Later, after a spell of homelessness, he linked up with a man named Harry Pincus, with whom he had worked at Kingsley Hall. Through Pincus, Sigal began working with Vietnam War deserters and draft dodgers, whom he helped obtain false papers and smuggled to the British countryside or out of the country altogether. Buzz-cutted young American men were turning up in London, on the run from military service and, sometimes, the British police, who could easily pick them up for violating NATO’s Visiting Forces Act. From there, it was a quick transfer to an American military prison. Sigal took in as many of these men as he could, along with a “fair share of fantasists, liars, charlatans and, on rare occasions, real live government spies.”
These are just a few excerpts of a life that mostly defies summary. There was the time he went to the Nuremberg Trials with a plan to shoot Herman Goering. He was drinking buddies at UCLA with future Watergate maestros HR Haldeman and John Ehrlichman, who he once caught writing down the names of student protestors for his handlers in the FBI and LAPD. A lifelong radical, he joined the SNCC in organizing and registering southern voters when Civil Rights workers were facing daily violence. Sigal also started a family when he was nearly 70, wrote the movie Frida, taught at USC and in London, and churned out defiant political essays for the left-wing organ Counterpunch.

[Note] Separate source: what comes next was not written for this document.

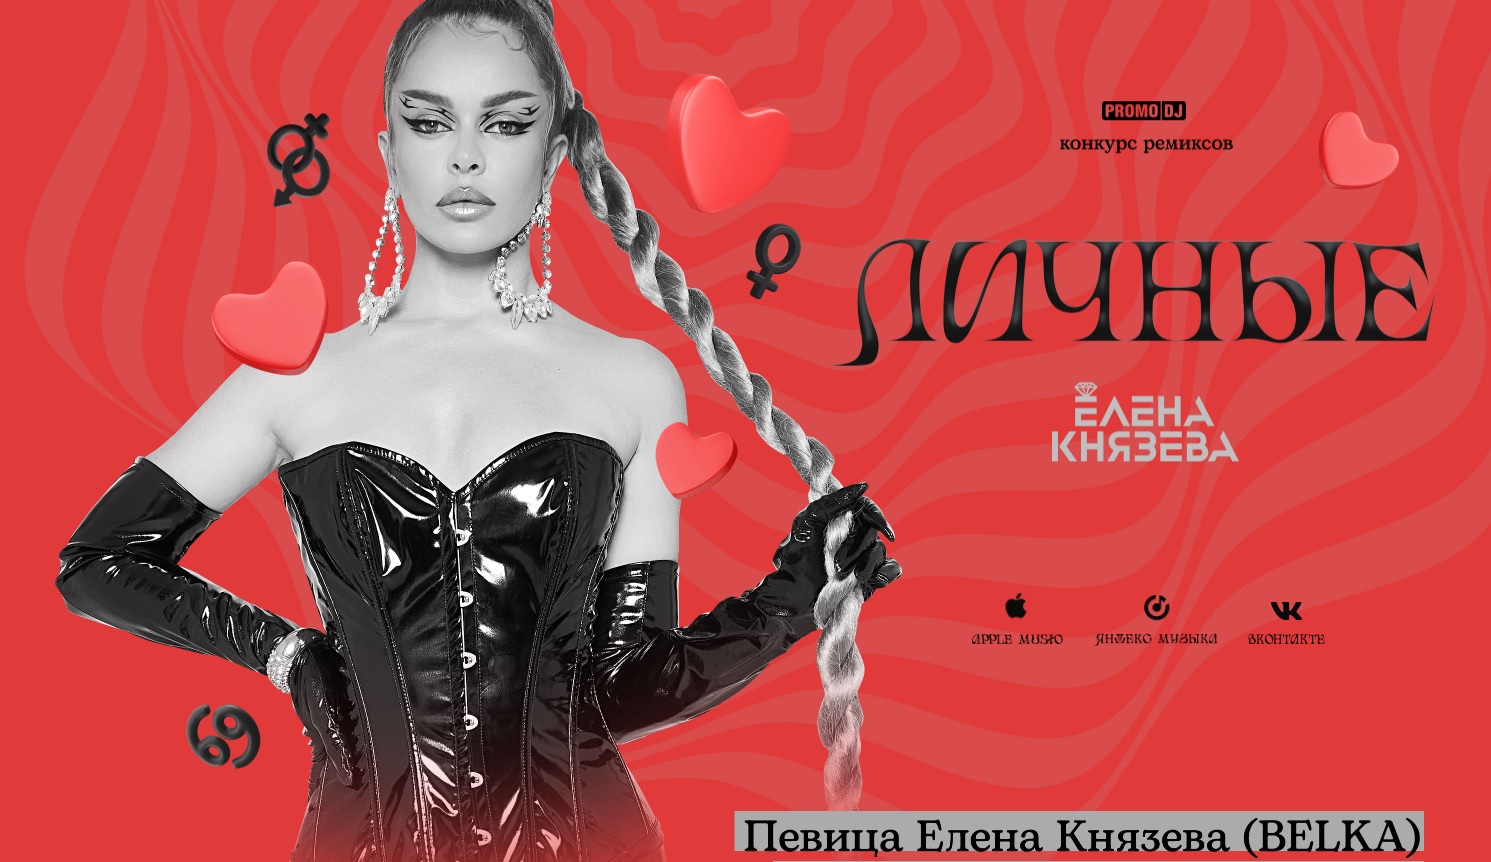 Елена Князева - Наказана (Serg VeanaraK Remix)

He wrote to the end—his last political dispatch went out to an email list just a few weeks ago—and undoubtedly has several more manuscripts in the drawer, which a prudent publisher would do well to pick up, along with his mostly out-of-print backlist (some of which is available in e-book form through Open Road).
Despite Sigal’s industriousness, he wrote of feeling “blocked and depressed my whole life,” which makes his persistence all the more remarkable. Facing a depression of my own last year, I confided in him about my frustrations over freelancing, which he once called “the royal road to the poorhouse.” He came back with the kind of hard-bitten wisdom that only someone of his inimitable experience could have: “’Blocks’ attached to dark soul nights attached to anxious depressions attached to absolutely no way out seem to be a tax we pay to God or our talent or ambition. No shit we take from other people is anywhere near as devastating as the shit we give ourselves,” he said. “The main thing is to survive, and the writing will surface in its own good time if you really want it to.”
The glory of Clancy Sigal is that, for 90 years, he did survive. And for those of us fortunate to have known him, even as a consoling voice on the other end of an email, we can be grateful. He may no longer be here, but he’s given us enough work, enough joy, to sustain us, and his small legend, for years.